The basis of this study is a large collection of pangenomes from a diverse set of prokaryotic species. To establish this collection, we filtered the proGenomes database of annotated prokaryotic genomes [32] to select consistently defined species (see “Methods”, also [31]) for which at least ten high-quality genomes (conspecific isolates/strains/genomes; further referenced as strains or genomes) were available (Fig. 1, also see “Methods”). For each of the resulting 155 species, we computed 21 pangenome features (ranging from pangenome saturation to functional distance, see Fig. 2a and Supplementary Table 1). These features have been shown to characterize different aspects of the pangenome structure and have been previously used in pangenome analyses of individual microbial species [6, 47]. Partitioning the pangenome into subcomponents (“core”, “shell”, “cloud”; see “Methods”) enabled us to relate the evolutionary adaptations of core and accessory genome features to environmental pressures separately. Pangenome subcomponents varied in size, for example, average core-genome size was in the range of 443–5,964 genes; average pangenome size—959–17,739 genes; average shell 18–2,409; average cloud—5–839 genes. We further annotated all genomes and species with regards to their habitat preferences. Yet, environmental metadata for many isolates and prokaryotic species are incomplete and biased towards clinically relevant host-associated annotations, leaving the ecological niches of many species under-characterized. To improve habitat assignments, we used multiple, conceptually different habitat databases. More specifically, we merged the information obtained from the PATRIC database [34], the Microbial Atlas Project database (http://devel.microbeatlas.org/) and the Global Microbial Gene Catalog (http://gmgc.embl.de). This resulted in detailed and accurate habitat annotations using 83 habitat descriptors (see “Methods” and Supplementary Table 3). On average, each species was present in 16.5 ± 7.8 (out of 62 possible) habitats in Microbial Atlas Project; 2.4 ± 1.1 (out of 5 possible) from manually curated PATRIC habitat annotations; and 3.6 ± 2.8 (out of 16 possible) in the Global Microbial Gene Catalog (Supplementary Table 3).

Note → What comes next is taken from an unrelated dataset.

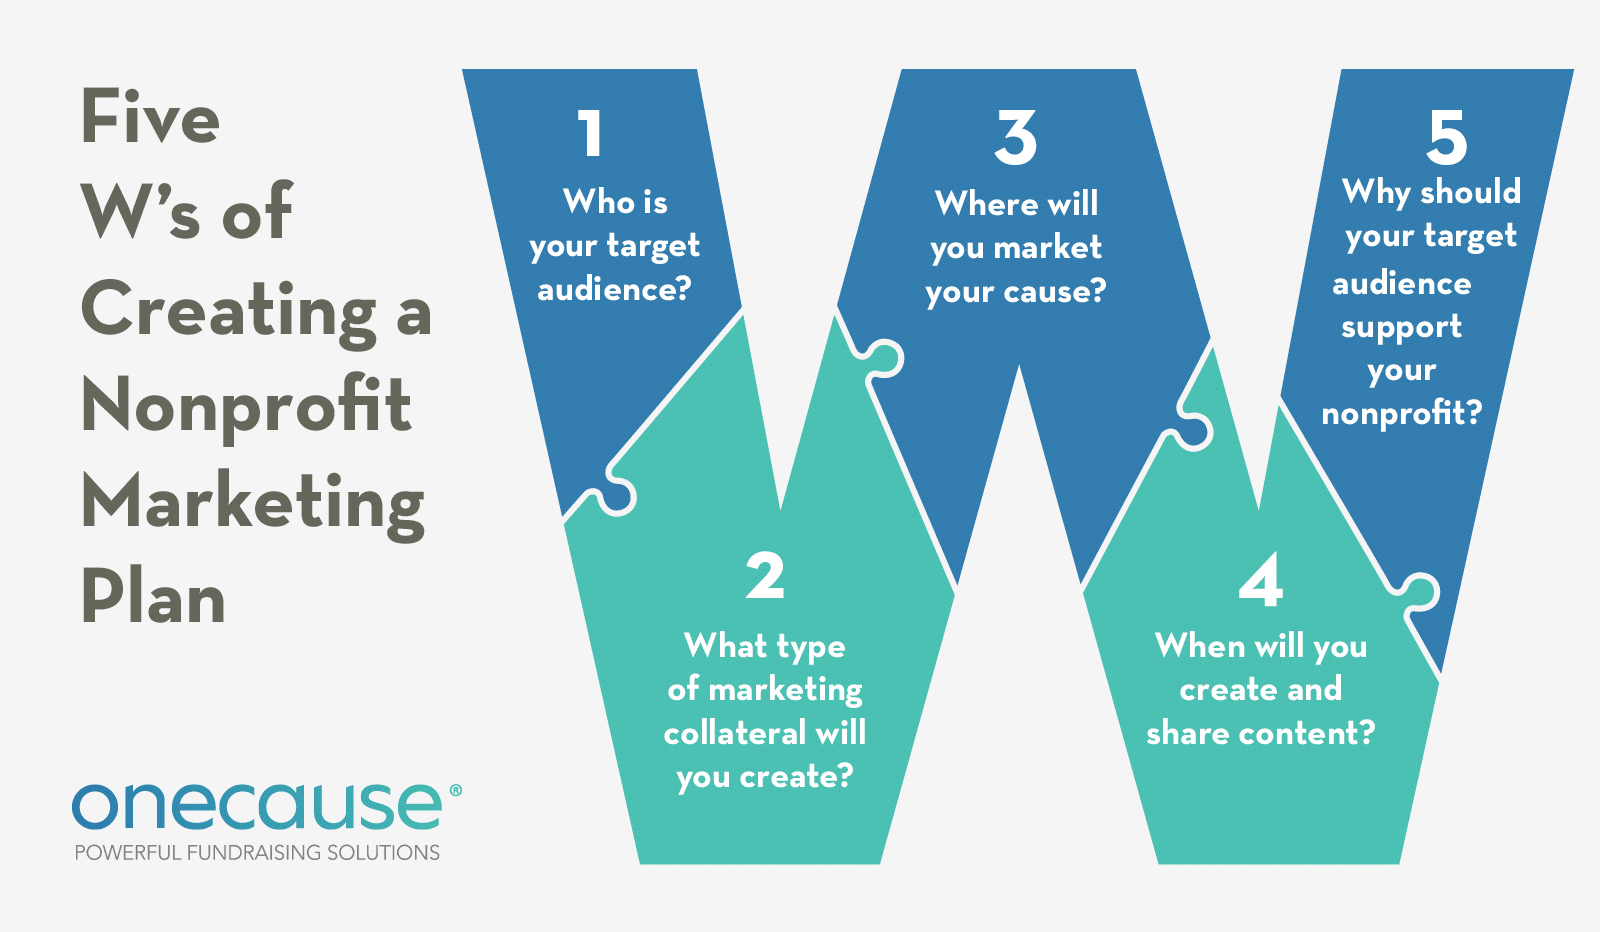 Consider the 5 W’s of creating a nonprofit marketing plan to guide your marketing strategy.

Interdependencies of pangenome features

The relationships between different pangenomes features can be an indication of similar evolutionary pressures acting on the related features. Further, correlations between different features can decrease the accuracy of analyses when not considered. The number of genomes used to infer a species’ pangenome needs to be accounted for as it can potentially influence the calculation of some of these features. Hence, we estimated interdependencies for (i) the number of conspecific strains (the number of genomes per pangenome), (ii) the 21 computed pangenome features, (iii) species ubiquity, and (iv) habitat preference (see Supplementary Table 3 for estimates of pangenome features, Supplementary Table 1 for definition and Supplementary Table 4 for correlation summary) (Fig. 2a). Estimates of pangenome size and the size of its components (core, shell, and cloud) are strongly correlated with each other (Fig. 2a). As expected, mean genome size strongly correlated with several features, including core-genome size (Spearman Rho = 0.955, p < 0.00001), pangenome size (0.963, p < 0.00001), and core-genome nucleotide diversity (0.373, p = 0.00003), indicating that a species’ average genome size is highly predictive of its pangenome features, especially pangenome size. While these results confirm the accuracy of our methodology, we found some pangenome features to be unreliable due to their observed associations with sample size (number of conspecific strains). Significant correlations were found for core-genome saturation, core-genome size, total pangenome size, as well as the sizes of “cloud” and “unique genes”, indicating that sampling biases might affect these features. Hence, we excluded these features from our in-depth analyses. For pangenome and core-genome sizes, we used average normalized size features instead (average of 30 random combinations of nine genomes per species, see Supplementary Table 1 and Supplementary Fig. 1).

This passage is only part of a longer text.